Re: basic question on sharing results from ./documentAnalyzer.sh demo

Posted by Ted Pedersen <tp...@d.umn.edu>.

PS Just a few details on a second experiment, as there was an
interesting little twist that initially confused me. This time I just
used

Analysis Engine : PersonTitleAnnotator.xml

and ran as described below. What was nice about this was that all the
possible titles as defined in the xml file were shown to me in the CPE
Gui, so I could review those and remove or add as needed....

But, initially I did not get any titles identified!

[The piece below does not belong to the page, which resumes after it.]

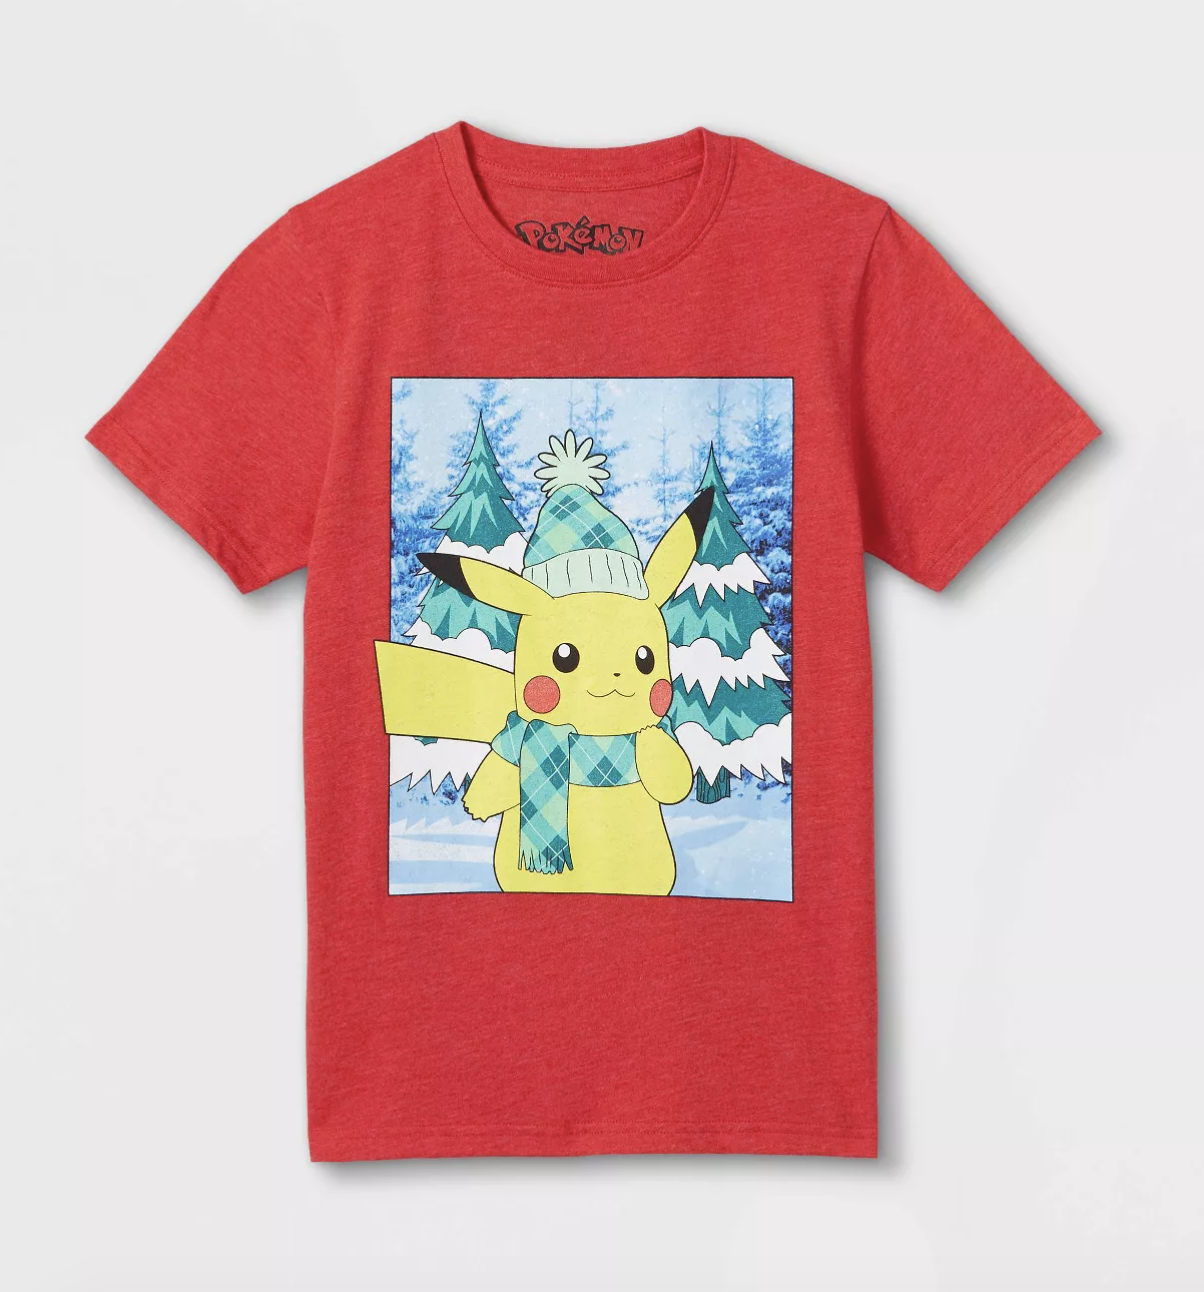 a red tee with an image of pikachu in a snowy forest wearing a hat and scarf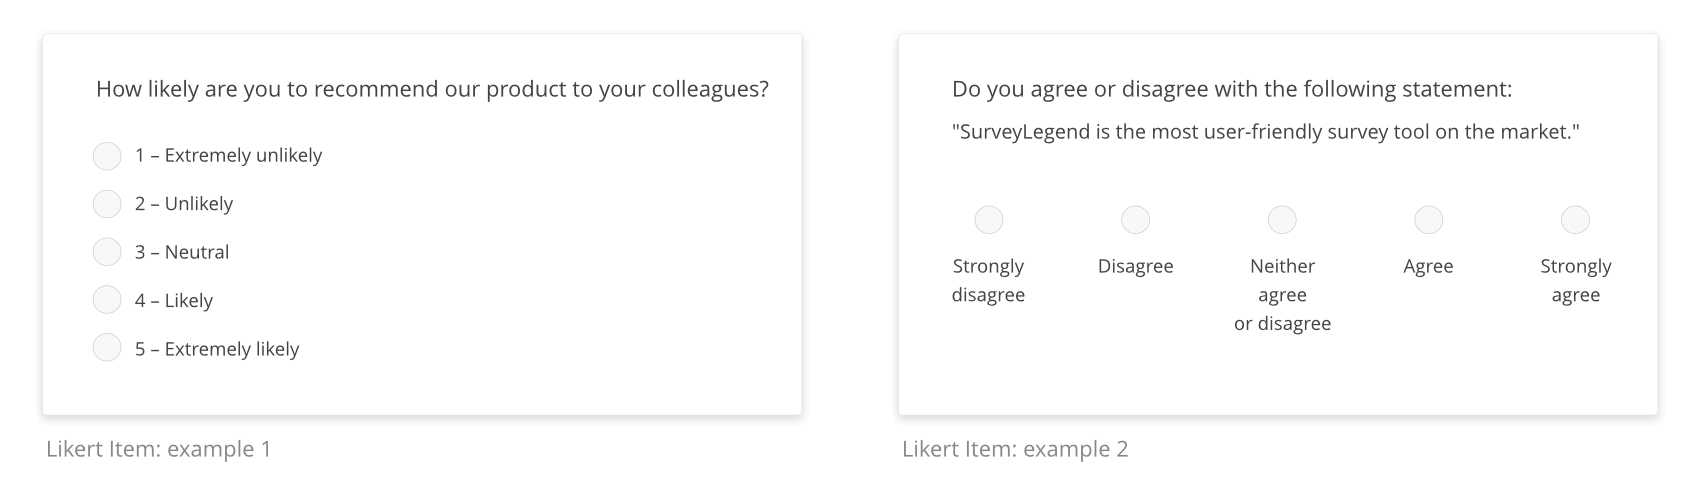 These are examples of Likert Items. Likert Items could look visually different.

Instead I got the
following error....

No output is being produced by the PersonTitleAnnotator because the
Result Specification did not contain a request for the type
example.PersonTitle with the language 'x-unspecified'
  (Note: this message will only be shown once.)

So, on a hunch I specified the language as English (en) via the field
provided for that in the CPE (which is blank by default it seems), and
then I re-ran and got results. Note that before getting results I
added Professor to the list of titles (via the CPE).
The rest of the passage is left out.